** Data supplied **
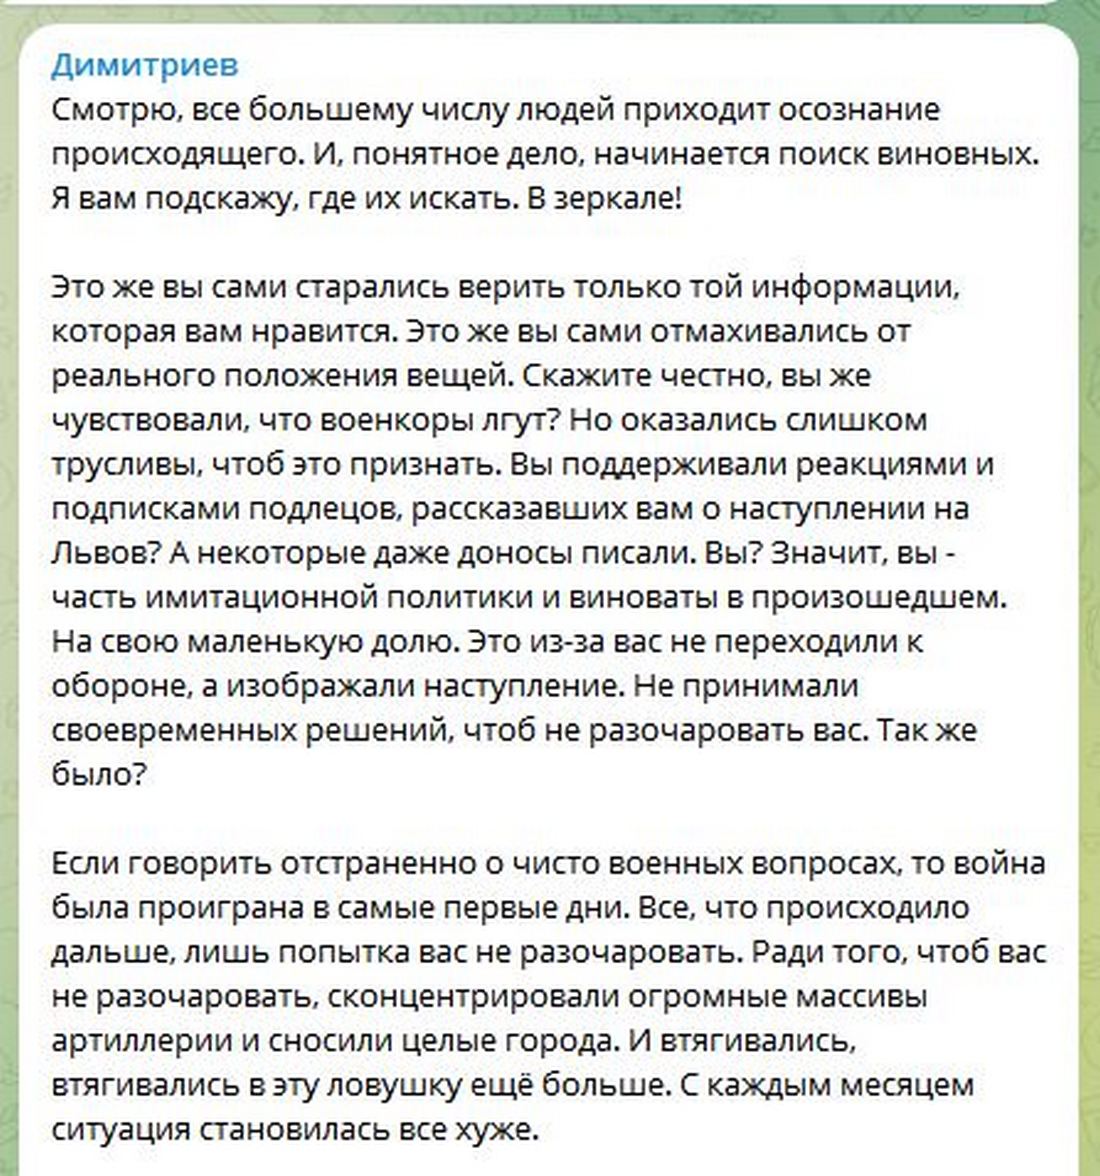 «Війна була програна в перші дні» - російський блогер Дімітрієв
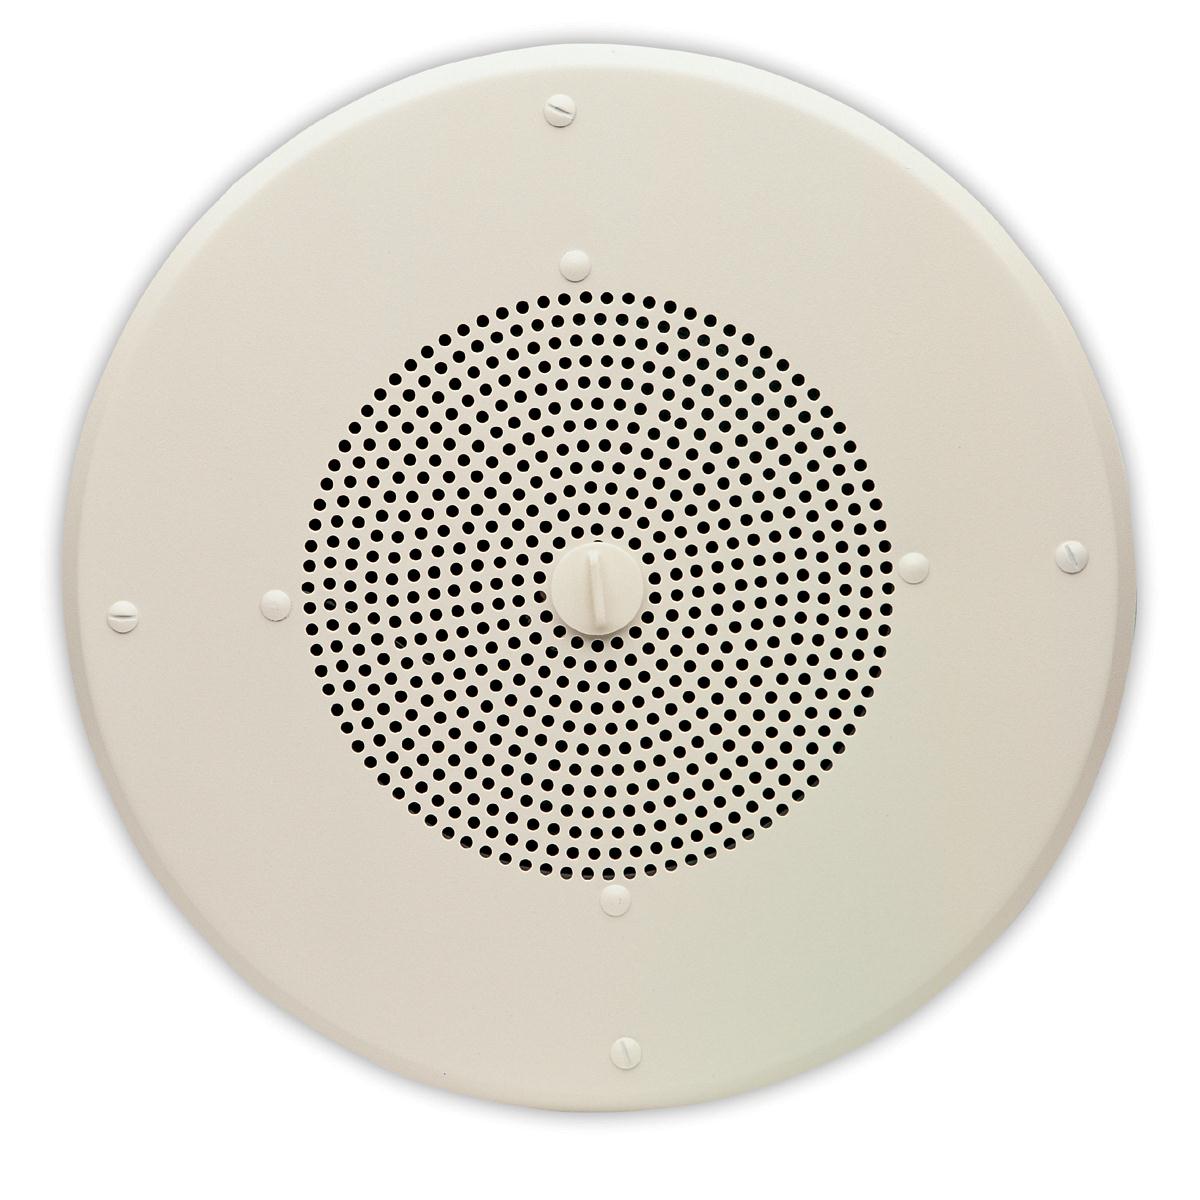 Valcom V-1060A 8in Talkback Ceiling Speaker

---

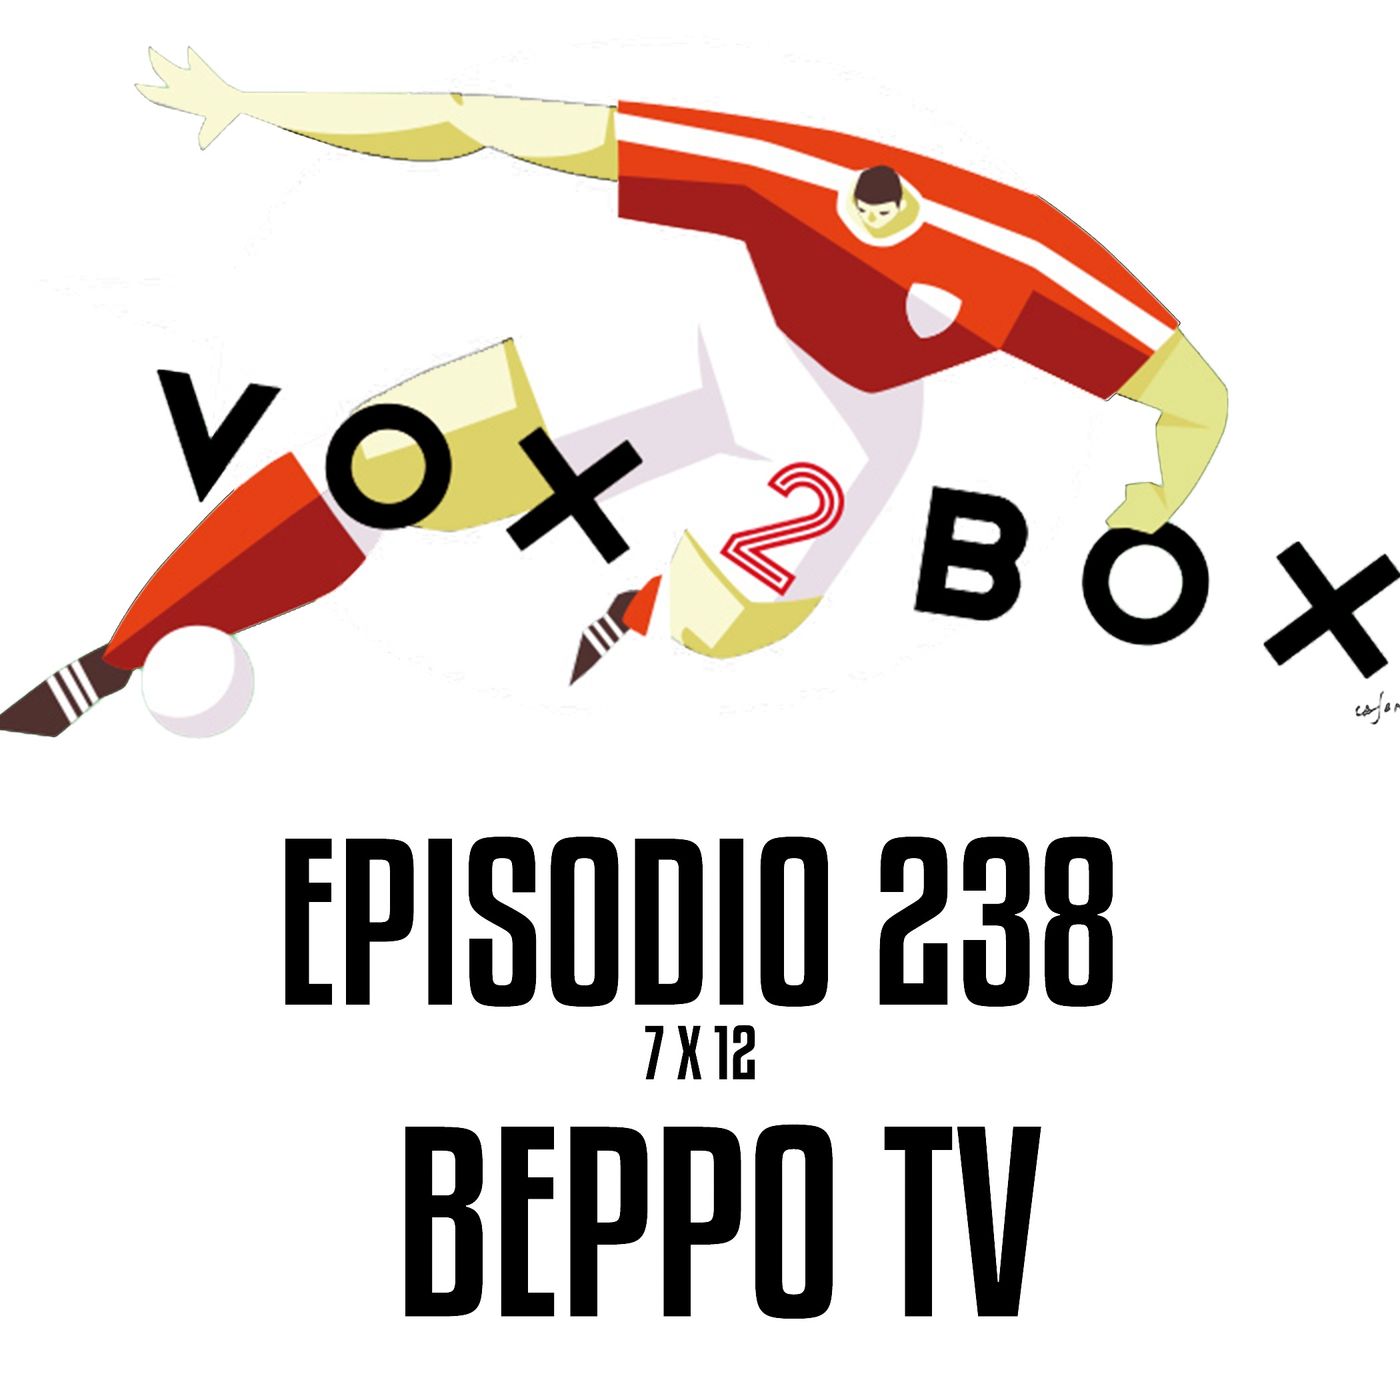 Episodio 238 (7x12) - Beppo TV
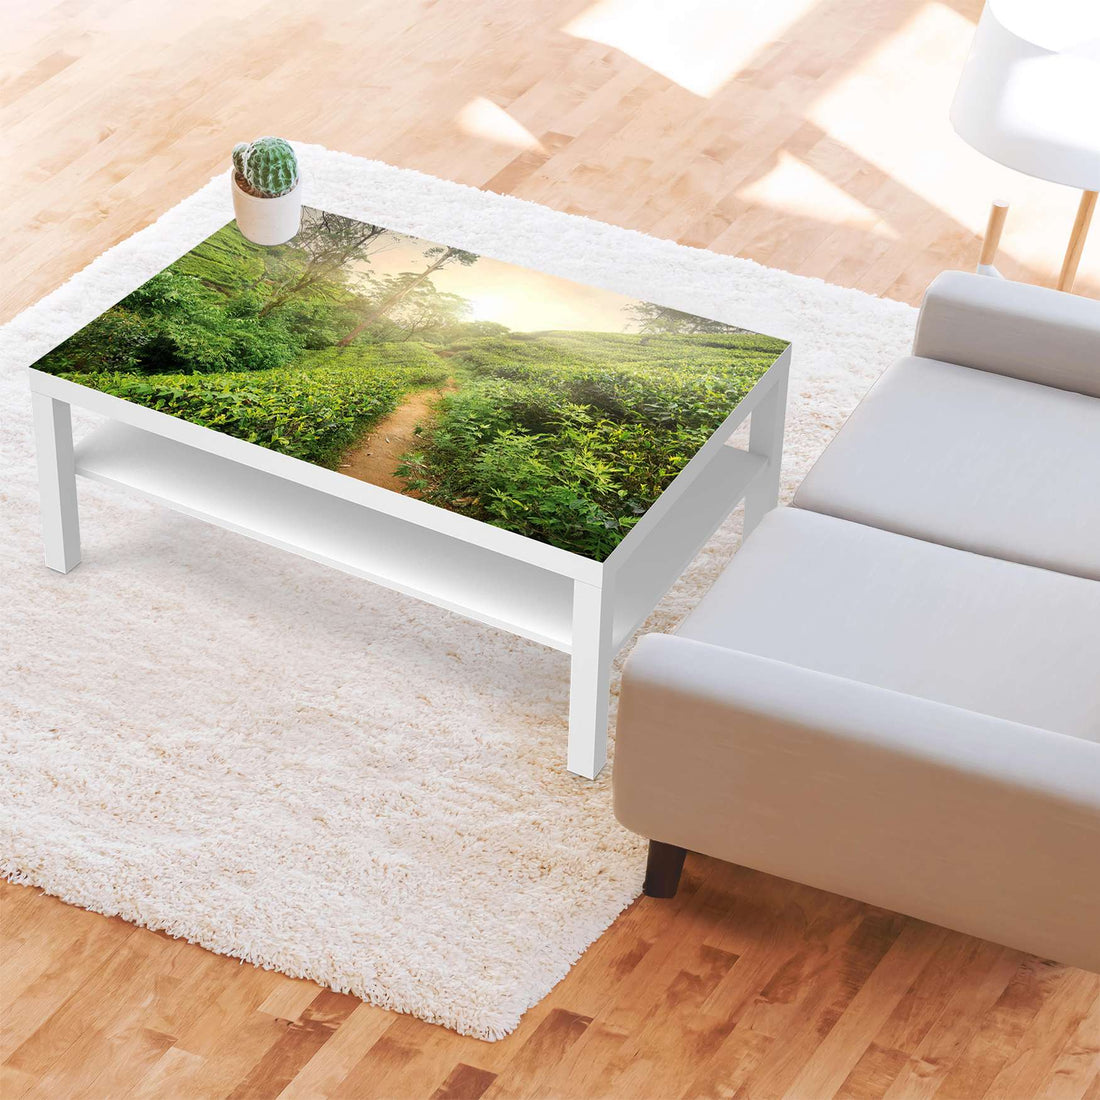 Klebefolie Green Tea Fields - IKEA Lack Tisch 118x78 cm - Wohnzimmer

** What you should do **
Quote the lines above exactly, starting with the one that has "Episodio 238 (7x12) - Beppo TV" and ending with the one that has "Klebefolie Green Tea"; drop the pictures and include nothing else.

** Worked solution **
 Episodio 238 (7x12) - Beppo TV
 Klebefolie Green Tea Fields - IKEA Lack Tisch 118x78 cm - Wohnzimmer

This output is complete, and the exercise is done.